By 1430, Iberian expansion in the Atlantic was well under way with efforts to colonize Madeira, the Canary Islands, and the Azores. Over the following half century, Portuguese seafarers gradually explored southwards along Africa’s western coast, rounding the Cape of Good Hope in 1488. In western Africa, Spanish ships arrived soon after the Portuguese, leading to competition between the Iberian powers until formal negotiations at the close of the fifteenth century prohibited Spanish exploration and commerce south of the Sahara.

Following their “discovery” of African populations willing to trade valuable commodities such as gold, ivory, wax, peppers, and grain—and slaves—the Portuguese established trading factories (feitorias) at strategic locations. Some of these outposts were eventually fortified, but unless they had been built on an uninhabited island, their maintenance depended heavily on the goodwill and tolerance of neighboring African societies. Thus while Portuguese activities in some regions were mainly limited to missions of diplomacy and evangelization, major trading factories and bulking centers were established in Arguin, the Cape Verde Islands, Elmina, and São Tomé. Fueled by commerce with multiple polities on the African mainland, and the local production of commodities such as textiles, sugar, and cotton, several of these outposts rapidly became Portuguese colonies peopled by Iberians and increasingly, mixed-race Luso-Africans.

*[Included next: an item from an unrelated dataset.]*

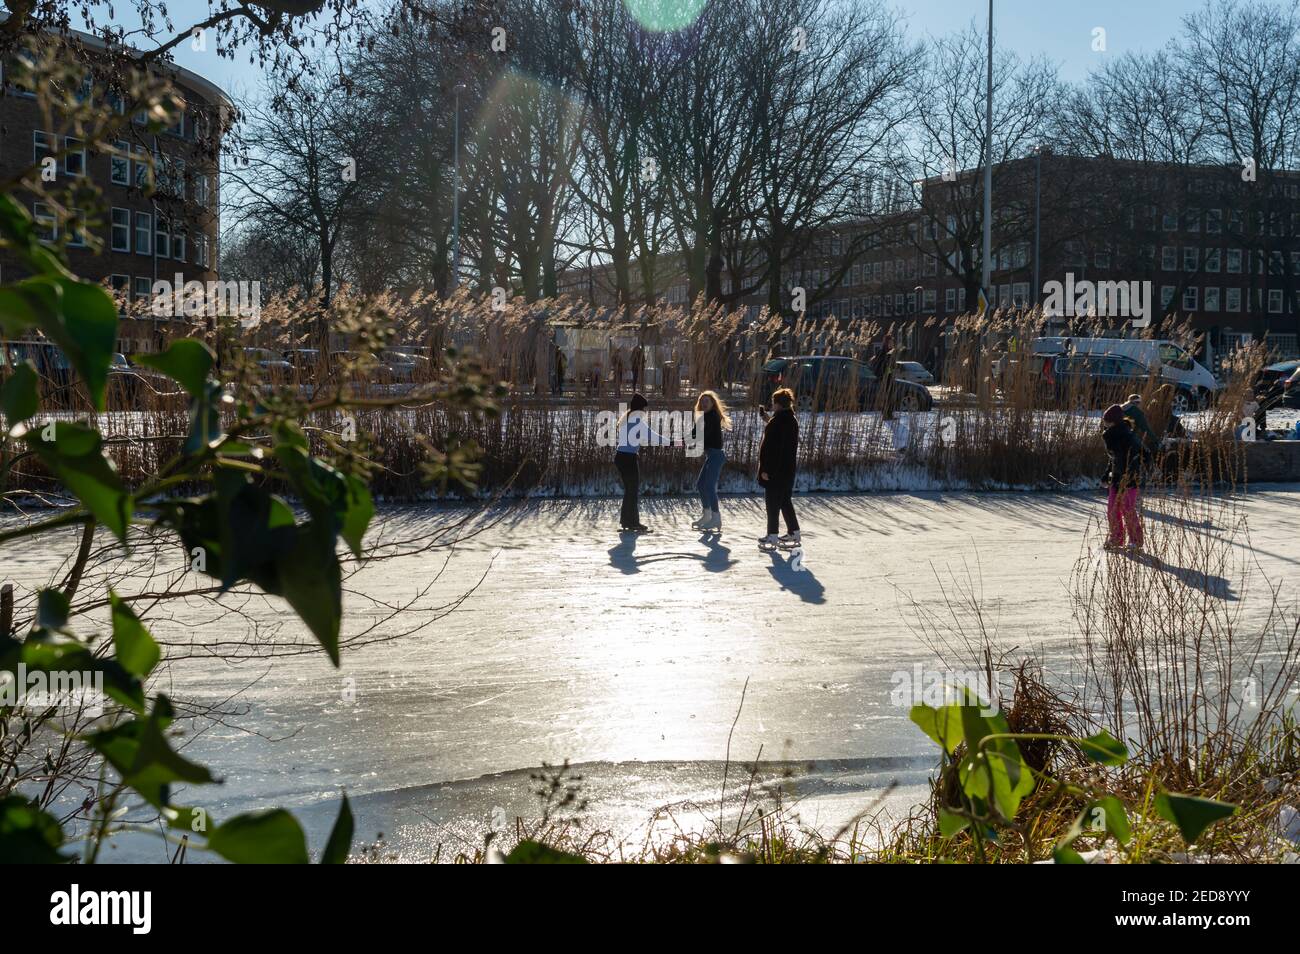 AMSTERDAM, THE NETHERLANDS, FEBRUARY 13,2021.Two girls ice skating on the canals of Amsterdam West, The Netherlands, in the late afternoon sun while a Stock Photo

Unlike other areas of western Europe, slavery played a significant role in Iberian society at the dawn of the early modern era. In Lisbon and Évora, and throughout much of southern Portugal, slaves comprised roughly 10 percent of the population by the mid-1550s. A comparable scenario existed in parts of southern Spain; 44,000 slaves made up nearly 10 percent of the population of the entire archbishopric of Seville in 1565. Rural slave labor in Iberia during the fifteenth and sixteenth centuries mainly involved herding livestock, guarding fields and flocks, clearing land, and harvesting and processing crops. Enslaved people also commonly worked as sailors and boatmen on small vessels designed for coastal trade and river traffic. In urban areas, slaves performed a wide range of occupations, laboring as artisans and apprentices, domestic servants, stevedores and porters, construction workers, and street vendors.

In early modern Iberia, slavery was not exclusively associated with racial categories as it would be in the colonial Americas. All available sources indicate that sub-Saharan Africans and their descendants—often referred to as “blacks”—constituted a significant segment of Iberia’s slave populations during the fifteenth and sixteenth centuries. One recent study suggests that as many as 350,000 to 400,000 African captives may have been transported to Spain and Portugal during the two centuries from 1440 to 1640. However, during the era in question, one’s religious background, political loyalties, and geographical origins also played key roles in determining who was eligible to be enslaved. Many enslaved women and men in Iberia were Muslims born in North Africa or the eastern Mediterranean, either captured abroad or purchased as slaves in foreign or local markets. Alongside these moros (“Moors”) and berberiscos were Iberians of Muslim ancestry known as moriscos. Though some enslaved Muslims and moriscos were black, or of mixed racial background, many were described as “white slaves.” Iberia’s slave population also included smaller numbers of captives brought from India and China, as well as native Canary Islanders and indigenous peoples from the Americas.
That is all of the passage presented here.